1. Where does the title of the book come from? What is Arcadia, and why do you think the author chose this title for the novel? How might the title serve as a clue that suggests or otherwise echoes the major themes of the text?
2. What is Anterwold? Why does Henry Lytten write about this place, and what characteristics does he give it? What are some of his major influences in the creation of this world?
3. Consider what the book has to say about the subject of history and our past. Angela is trying to find out how easy—or difficult—it is to change the course of history. What does she determine? What does the book suggest about the relationship between the past and the future?
4. How many points of view are represented in the book? Who are the narrators of the stories contained within the novel, and how does the shifting perspective affect your interpretation of the story? Does any one point of view seem to stand out from all the rest?
5. Consider the theme of morality. Can readers easily identify who is “good” and who is “bad”? What do the intentions and motives of certain characters—Oldmanter, or Angela, or Alex Chang, for instance—reveal to us about their nature? Does the book present a particular vision of morality? Discuss.
6. Evaluate setting. What settings does Pears employ in Arcadia? Does any one setting stand out from all the rest? What themes does each setting help to reveal or reinforce?
7. Consider utopia and dystopia as a motif in the book. How would the various characters in Arcadia define utopia? Would their definitions be consistent with one another? Which character or group of characters do you think is correct about creating a society that “works,” as Henry Lytten would say?
8. Evaluate the theme of time. How is time represented or defined within the book, and what does this indicate about the relationship between past and present as well as cause and effect? Why does Angela believe that elderly people with dementia or Alzheimer’s are more in tune with the true nature of time?
9. Consider representations of status or social class in the book. How is status or class determined amongst the different groups of characters? What allows a character to achieve a high rank in each time and place? Does there seem to be social mobility in any of these places? If so, what allows or causes characters to shift positions?
10. Examine the theme of loyalty in the book. What examples of loyalty or disloyalty are depicted therein? To what are the characters faithful? Does the loyalty of the characters shift or remain consistent? Does Pears’s overall treatment of loyalty propose anything about human nature?

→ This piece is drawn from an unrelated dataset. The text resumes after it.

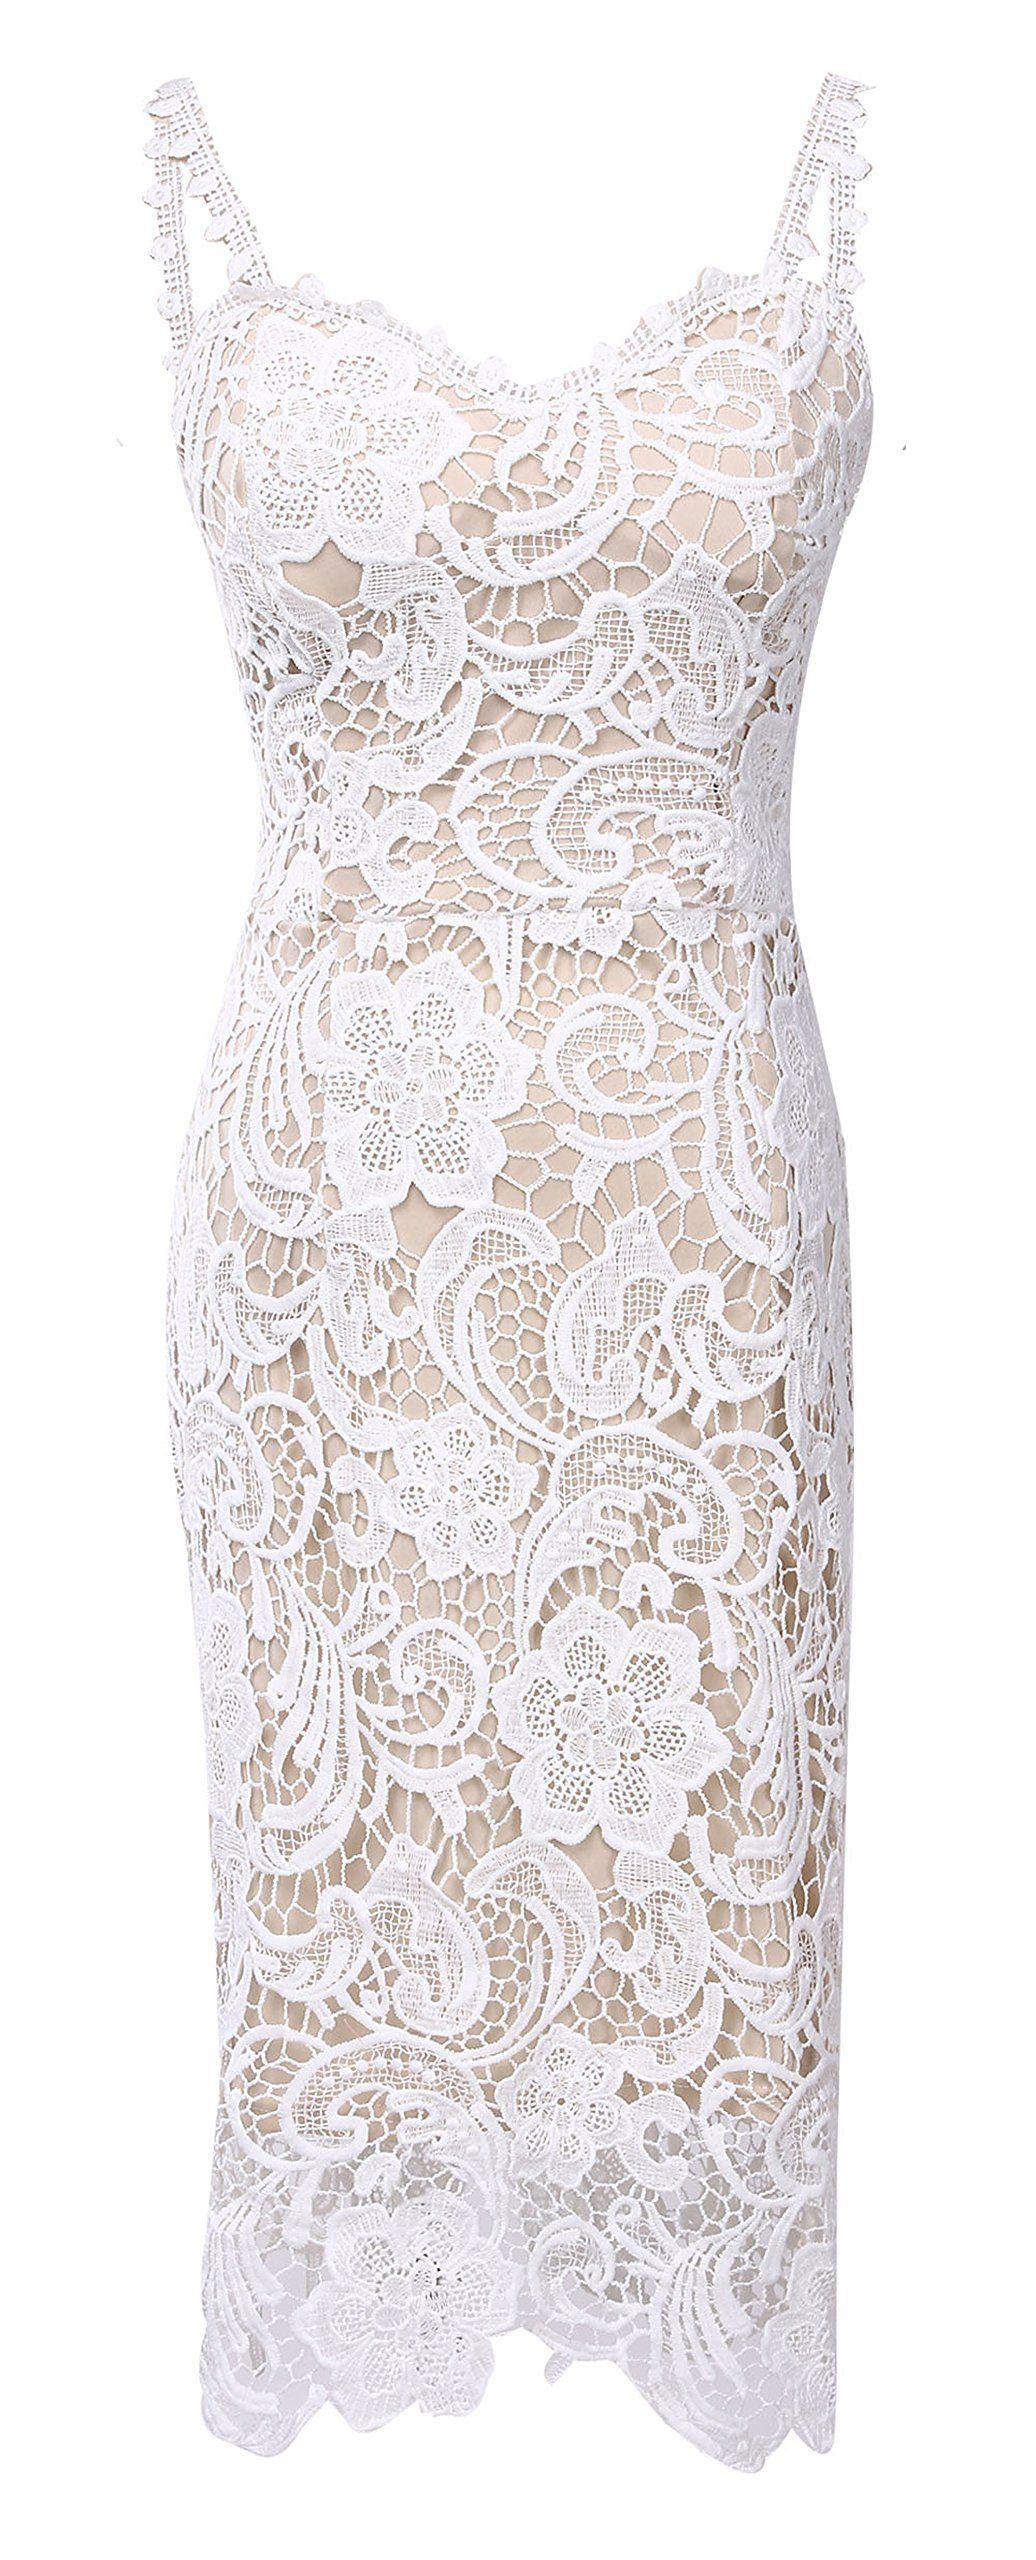 6a7c8e2e41 Women Elegant Sweetheart Neck Lace Crochet Midi Bodycon Sheath Waist Dress  White XL
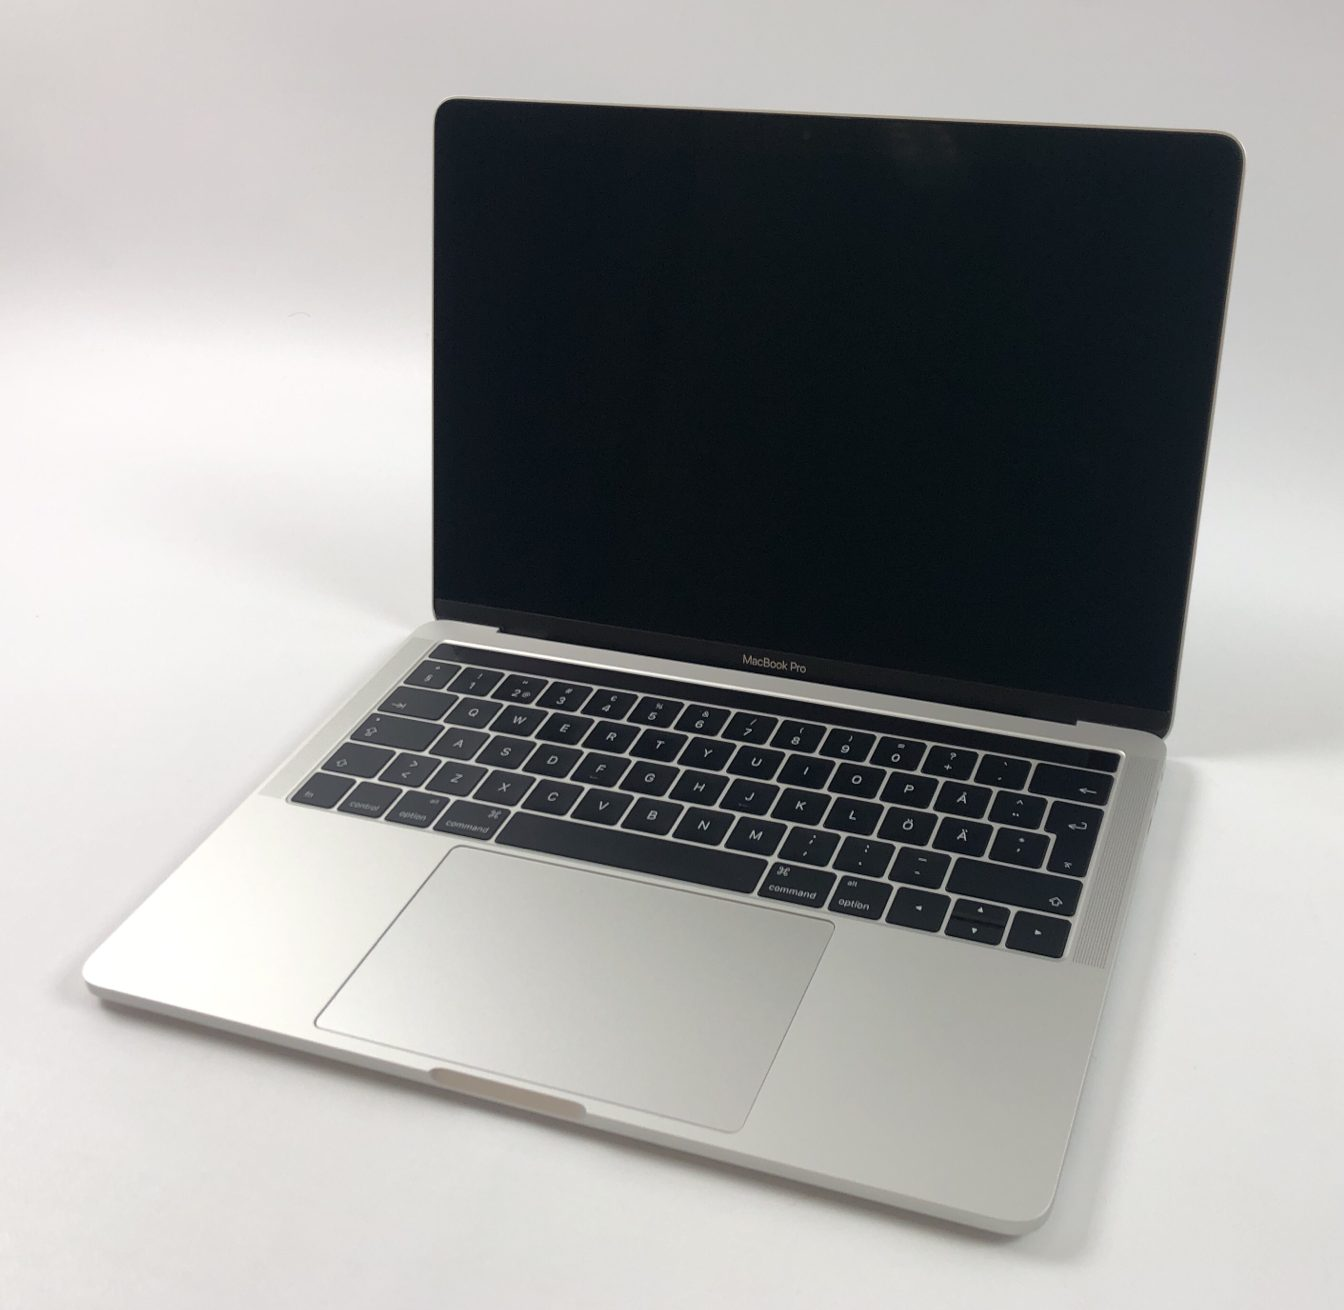 "MacBook Pro 13"" 4TBT Late 2016 (Intel Core i5 2.9 GHz 8 GB RAM 512 GB SSD), Silver, Intel Core i5 2.9 GHz, 8 GB RAM, 512 GB SSD, bild 1"

11. What does the novel suggest about identity? Are the characters easily identified in the various storylines? Is the identity of any particular character surprising, and if so, why? Does the book suggest whether identity is a static or fluid state? What seems to determine or shape the identity of the characters?
12. How does Arcadia uphold or otherwise defy traditional notions of genre? Is the book easily categorized? Explain. What genres are represented therein?
13. Evaluate the theme of storytelling. What is the role of the storyteller within the novel, and how are the storytellers treated in each time and place? What might this suggest about the purpose of storytelling?
14. How many stories does Arcadia contain? What stories influence Henry Lytten’s tale, and what stories influence Arcadia as a whole? What do these influences indicate about literary discourse and the relationships amongst texts?
15. In Arcadia, minor characters are revealed as major characters and major characters become minor ones, depending on which storyline a reader focuses on. What are some examples of this, and what might this convey about our own relationships to one another?
16. What is the Devil’s Handwriting? Who wants to find it and what do they want to do with it? Why is it significant to those who want to get their hands on it? Is it recovered? What does it ultimately reveal?
17. Consider the treatment of colonization and the treatment of indigenous peoples as a theme of the book. What does the novel suggest about this topic? How does Pears tackle the idea of the foreign in the novel?
18. Who are the Renegades, and what are some of their beliefs? Why do the elite scientists hope to contain them? Which group do you identify with more, in terms of what they wish to uphold and accomplish?
19. The author has revealed in interviews that Arcadia was conceived and written with the help of software. Discuss the role of technology in the formation and arrangement of the book. Do you think that the use of technology in the creation of this book was a success? Why or why not?
20. Evaluate the final chapter of the novel. Were you surprised at the conclusion? Explain. How does the conclusion relate to the overall structure of the book and the major themes of Arcadia?